I tried this a few semesters ago to get through a rough finals week. Works great, you even feel more awake than usual. But you have to have a lot of stuff to do, otherwise you bore yourself to sleep
Anyways, I wish Universities and workplaces would have sleep-rooms and schedules separated in 3.5 hour chunks!!
Link: http://www.kuro5hin.org/story/2002/4/15/103358/72
Have you heard of light and sound machines? They use flashing LEDs and pulsing sounds or binaural beats to induce certain brainwave frequencies through something called the frequency following effect. I can even recall seeing one of these machines on the net that actually used a mild electrical charge pulsing at these frequencies as well.
Another thing you ought to know about lucid dreaming is that text in dreams does not stay constant. While you're dreaming, if you read anything then read it again a second time, it will change. The sleeping mind doesn't have the external stimuli to keep the dream imagery constant.

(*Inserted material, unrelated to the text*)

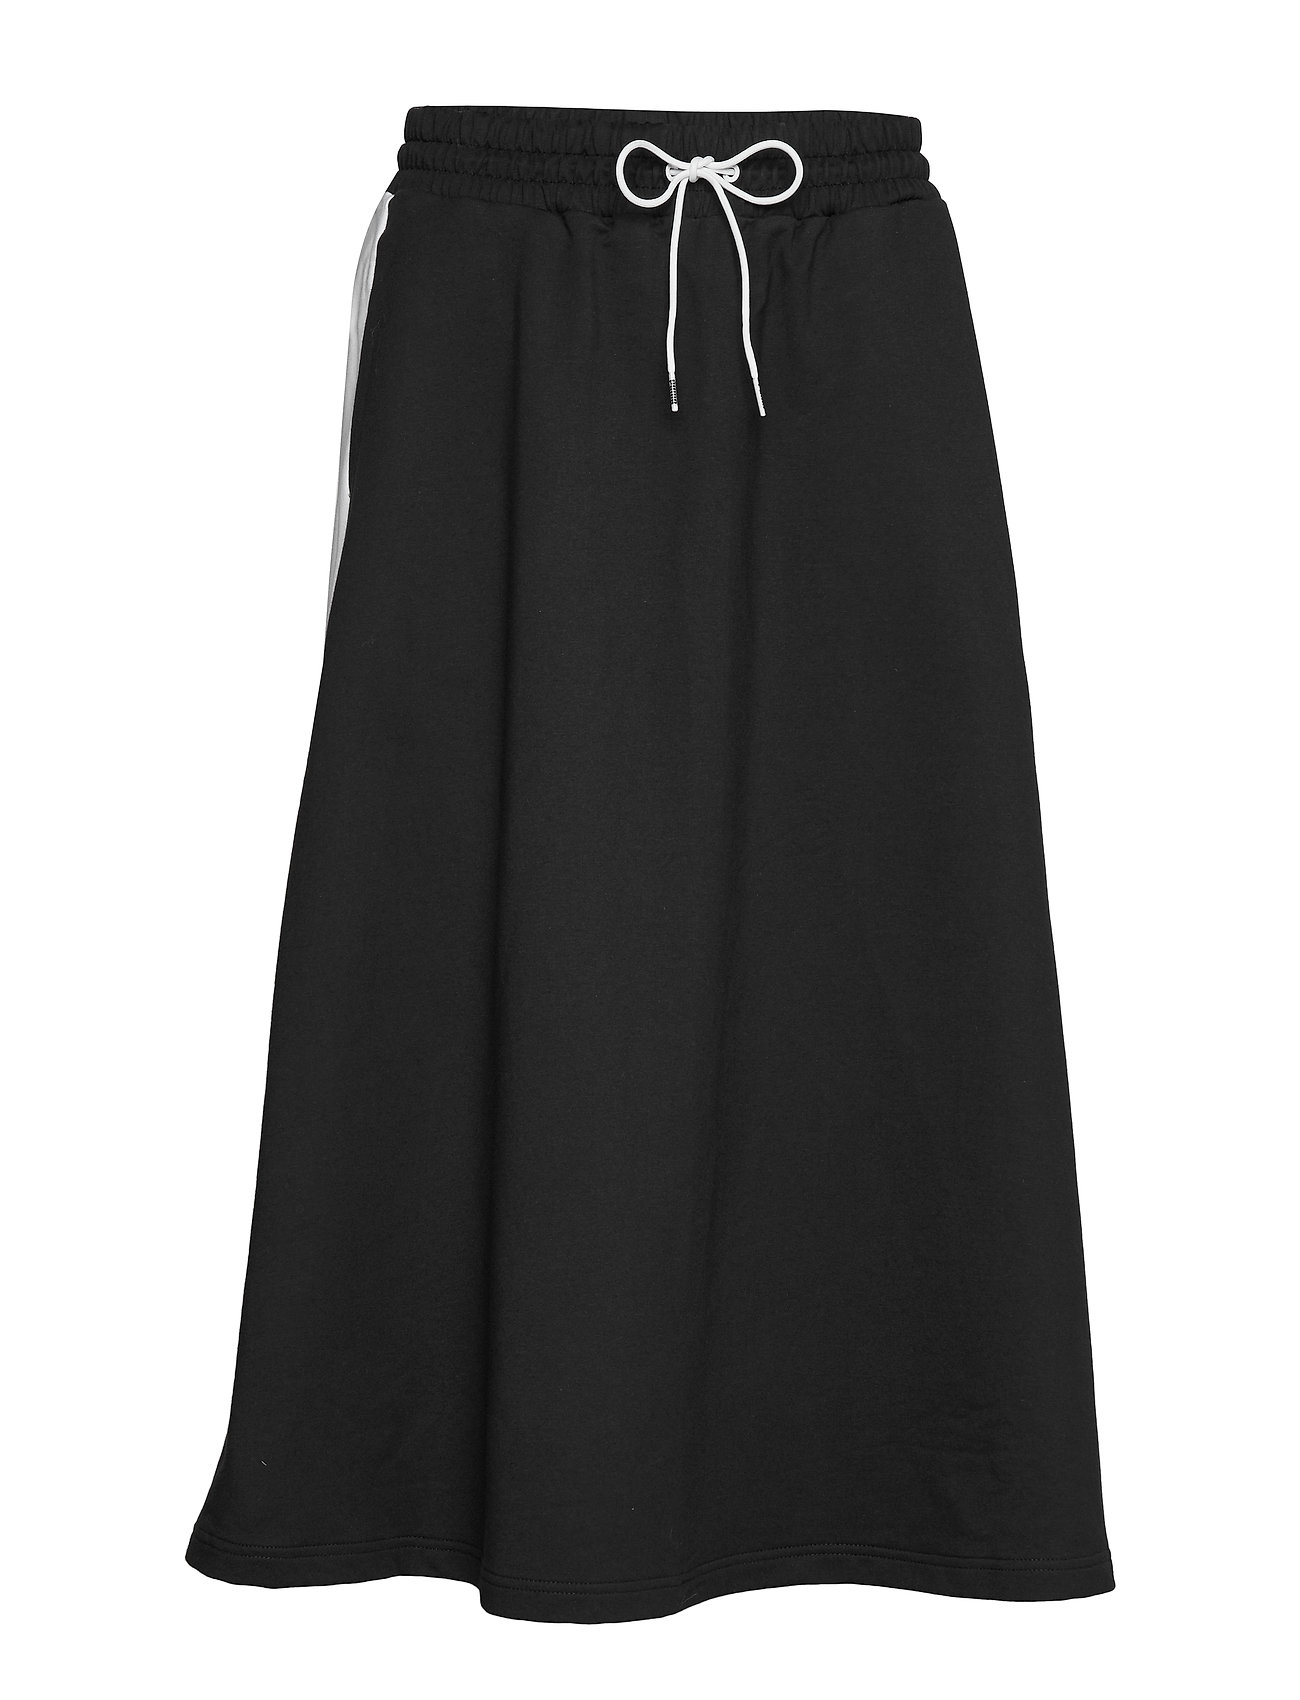 puma long skirt

Psychologists didn't believe that it was possible that people could be conscious while dreaming. However some sleep researchers found out that wherever your eyes are looking at in a dream is where your eyes are facing in REM. They found one subject with a constant pattern in his REM activity- his eyes kept moving from side to side- while he dreamt of watching a Ping-Pong game. Sleep researchers used this to prove lucid dreaming exists. They got subjects to perform a pattern of eye movements when they achieved lucidity while dreaming, which they recorded with polygraphs so they had actual evidence.
I'm curious to know if anyone out there has any experience with enhancing the ability to have lucid dreams. I actually have a NovaDreamer, but the thing just wakes me up. And I'd like to know what these "computerized dream-inducers" mentioned in the article are. Could it be this? I heard that taking the nutritional supplement 5HTP enhances dreaming, but I've never tried it. I've tried Melatonin, but that doesn't seem to affect me.